Habib Frédéric Beye (born 19 October 1977) is a former professional footballer who played as a right-back. He is the manager of Championnat National club Red Star. Born in France, he represented the Senegal national team.

He is also a pundit on Canal+ in France.

Early life
Beye was born in Suresnes, Hauts-de-Seine.

Club career

Paris Saint-Germain
Beye joined Paris Saint-Germain in 1997, though he progressed no further than the reserve side, playing in the national fifth division. He transferred at the end of the season to RC Strasbourg in 1998 for an undisclosed amount.

Strasbourg
Following his summer move to RC Strasbourg in 1998, Beye made his league debut on 8 August 1998 in a home 0–0 draw against Lyon, and played a total of 23 times in his first season at the club. He missed just five league matches in the following season, and netted for the first time on 2 October 1999 in a 2–2 home draw with Bordeaux. He was a member of the RC Strasbourg side that won the 2001 French Cup, eventually defeating third division Amiens SC in a penalty shoot-out, which helped his team achieve UEFA Cup qualification in the following season. He appeared a total of 134 times in the league for Strasbourg, scoring 8 goals, before moving to Marseille in 2003, a move which surprised many as he was a firm favourite at Strasbourg and had established himself as a key player there.

Marseille
Beye signed for Marseille in the summer of 2003 for a reported €2.5million, by then manager Alain Perrin. In his opening season with the club, he took part in both UEFA Champions League and UEFA Cup football. He was a key player for the Marseille side that reached the 2004 UEFA Cup Final, a run which involved him putting in a star performance as a central defender against (his now former team) Newcastle United, where he was particularly effective against Newcastle's talisman striker Alan Shearer. He ended up on the losing side as Marseille lost the final to Valencia 2–0. He was also a beaten finalist in the 2006 French Cup against former club Paris Saint-Germain, a match which his team lost 2–1, and again in 2007 when his Marseille team lost on penalties to FC Sochaux. His time with Marseille was a successful one where he established himself as one of the most accomplished defenders in France's top tier and was voted the fans’ Player of the Year in 2006. He was captain of the club for two years prior to his move to Newcastle United.

Newcastle United

Beye signed for Newcastle United for a fee of £2million (€3million) on 31 August 2007, during the closing minutes of the summer transfer window. He signed a three-year contract, with then Newcastle manager Sam Allardyce declaring that he was very pleased with the transfer. Allardyce said in a later interview on the club's website that he felt he acquired Beye for a "bargain" price and that him and his international colleague who also signed with him, Abdoulaye Faye would be excellent signings for Newcastle.

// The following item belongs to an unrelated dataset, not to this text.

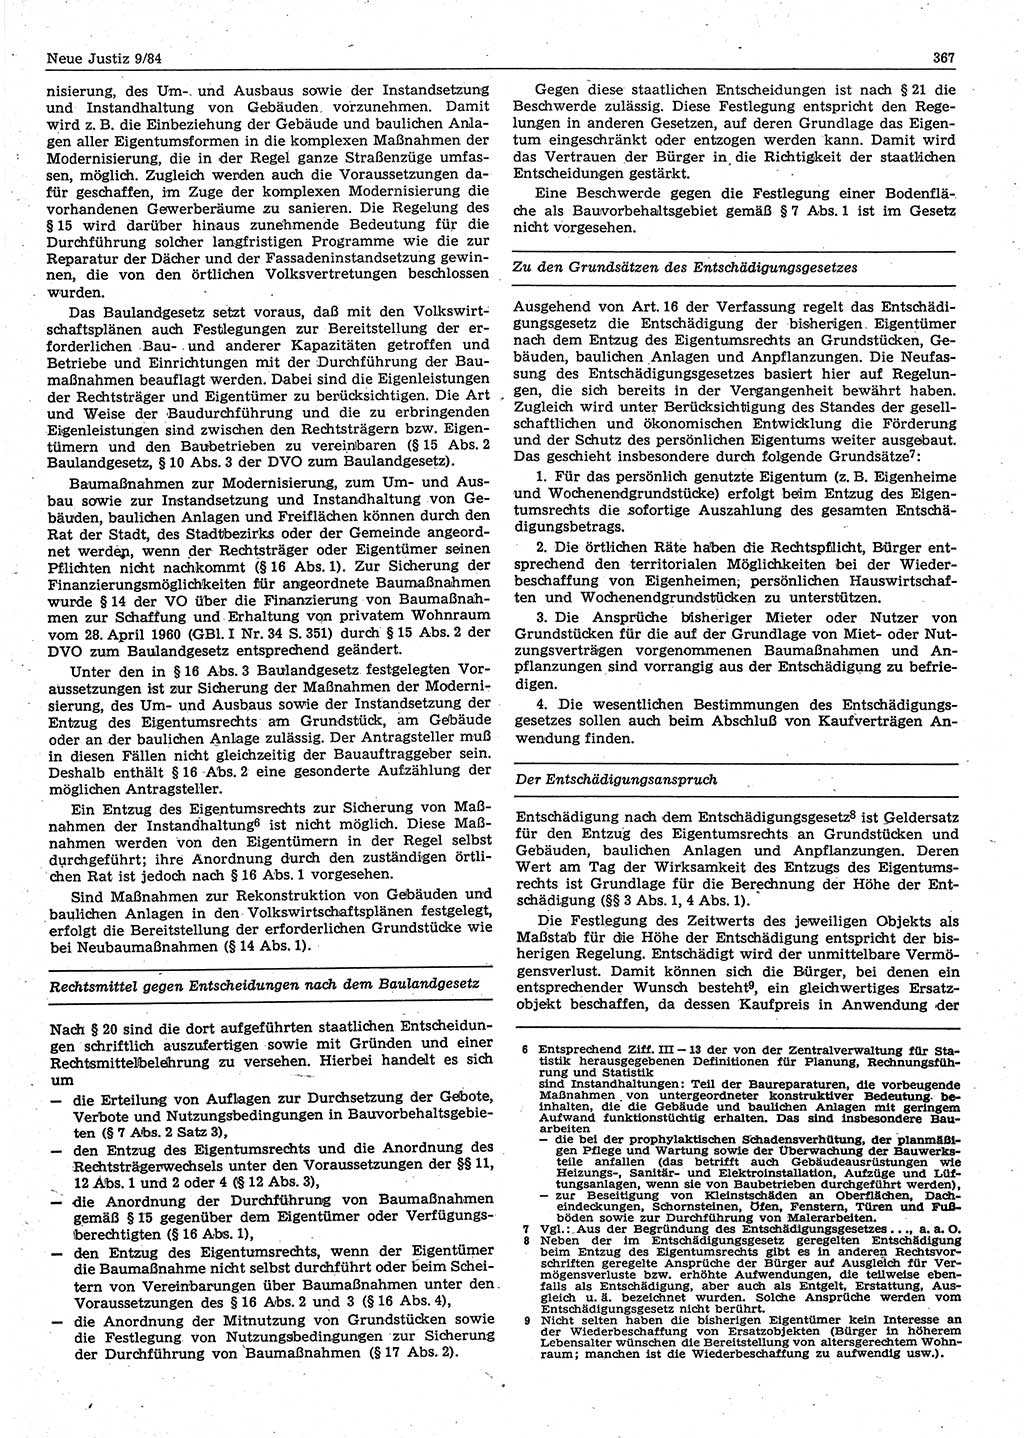 Neue Justiz (NJ), Zeitschrift für sozialistisches Recht und Gesetzlichkeit [Deutsche Demokratische Republik (DDR)], 38. Jahrgang 1984, Seite 367 (NJ DDR 1984, S. 367)

He made his Newcastle debut on 17 September 2007, as a substitute in Newcastle's 1–0 defeat at Derby County. He then made his full debut at home to West Ham United, a display which impressed many Newcastle fans. He had been a fixture in the first team, and scored his only Premier League goal for Newcastle in the 2–1 win against Birmingham City on 8 December, with a near-post header in second-half injury time.

His ability to defend well and provide a good outlet going forward have enamored him to the Newcastle faithful and a number of terrace songs became established, starting with a chant of his name to the tune of Happy Days first heard at Fulham.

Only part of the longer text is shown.